The new president eliminated thousands of government jobs by just placing paychecks on government employees desks. There were thousand that collected a paycheck and didn’t even have offices.


Hehehe...I know it is not likely, but wouldn't;t it be wonderful for Argentina to get strong enough to revive the F-20 program and get a few squadrons of those aircraft?

View attachment 31296


Trying not to sound like a twenty year old, but that would be “freeking awesome”
 

Jeff Head

General
Registered Member
I have good Argentine friends to whom Macri is a disaster, so everything depends what Glasses you wear
Oh yes...that is always the case.

But time will determine whether he is or is not.

I know many progressive leftists to this day who believe Reagan was a disaster because of their rose colored glasses.

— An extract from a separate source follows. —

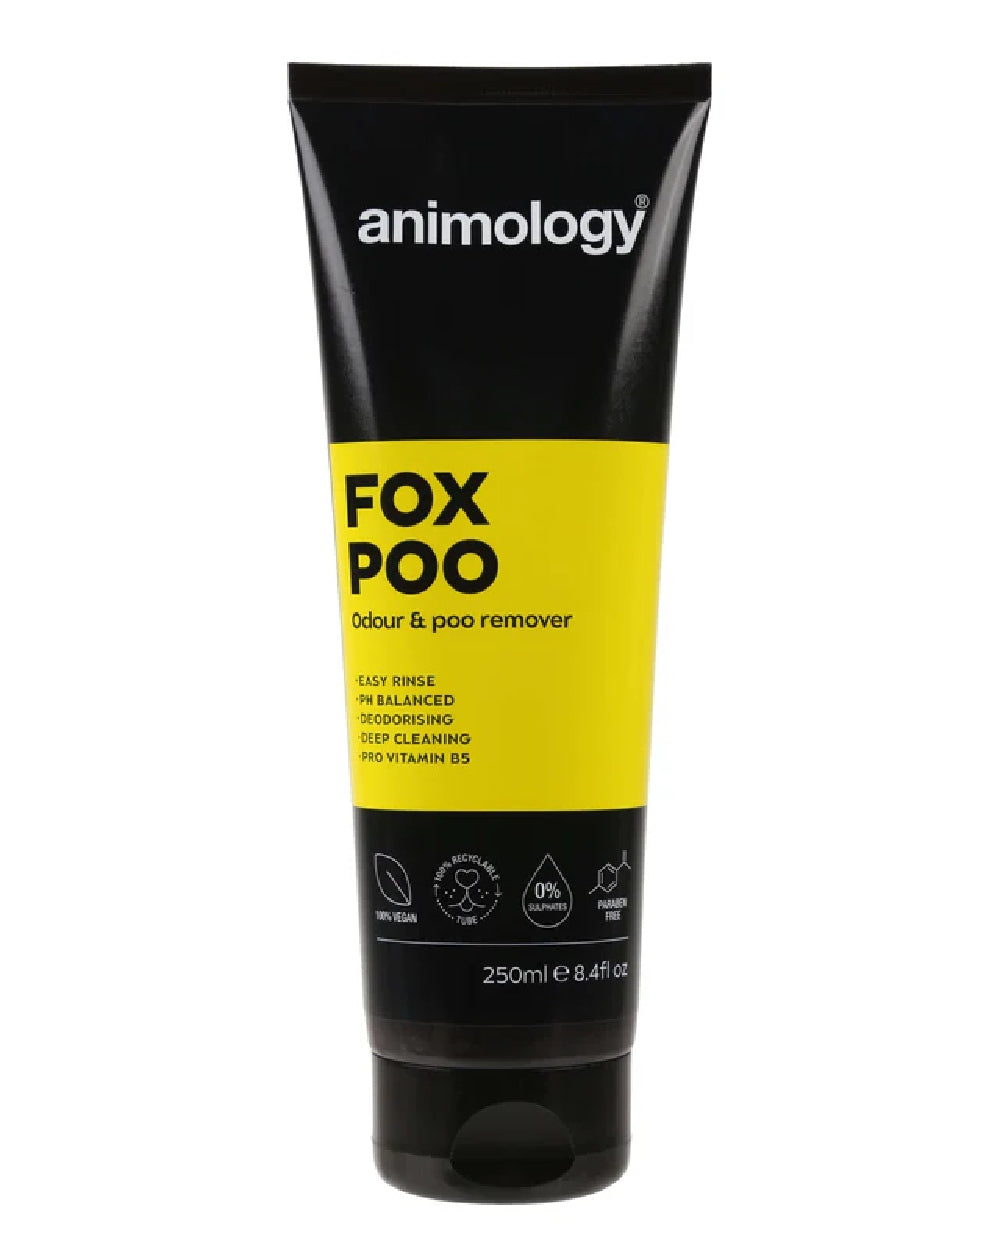 Animology Shampoo Fox Poo 250ml on white background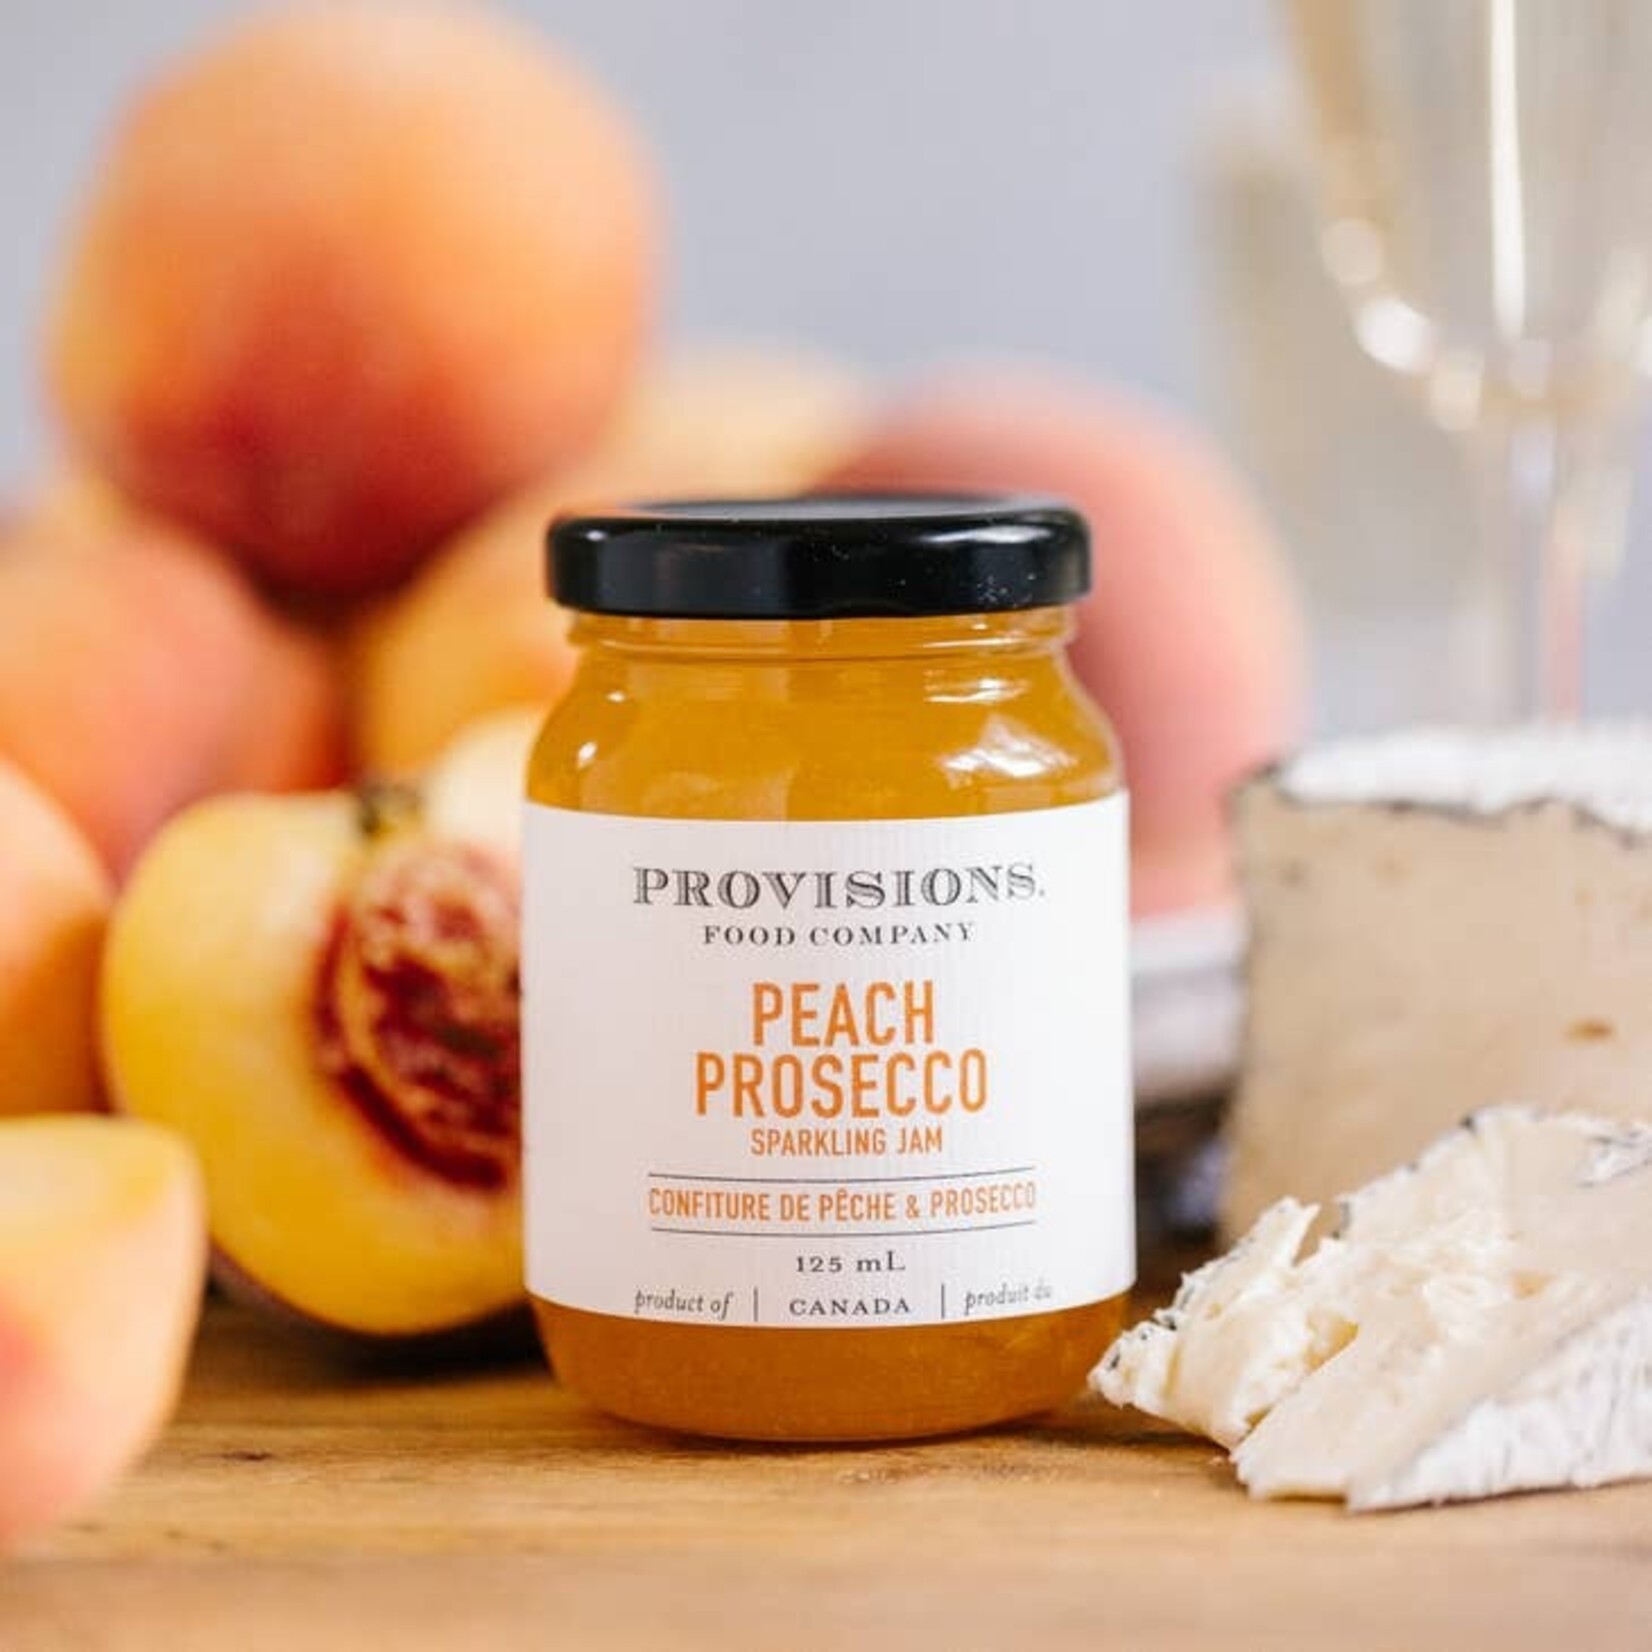 Provisions Food Company Peach Prosecco Sparkling Jam - 125ml

But as a young man, buying our first house under Carter, and then refinancing it, selling it, and getting the second under Reagan, not to mention having four kids while Reagan was in office...Reagan was a God-send to our nation. Economically, internationally, jobs wise, .etc., etc.

My point was that the Argentine people made the decision...and they did.

Whether it will turn out to be anything like as a good a decision as Reagan, only time will tell. He simply has not been in long enough to tell whether his policies are going to have that good an impact.

But I simply find it hard to believe that they could end up any worse than his predecessor.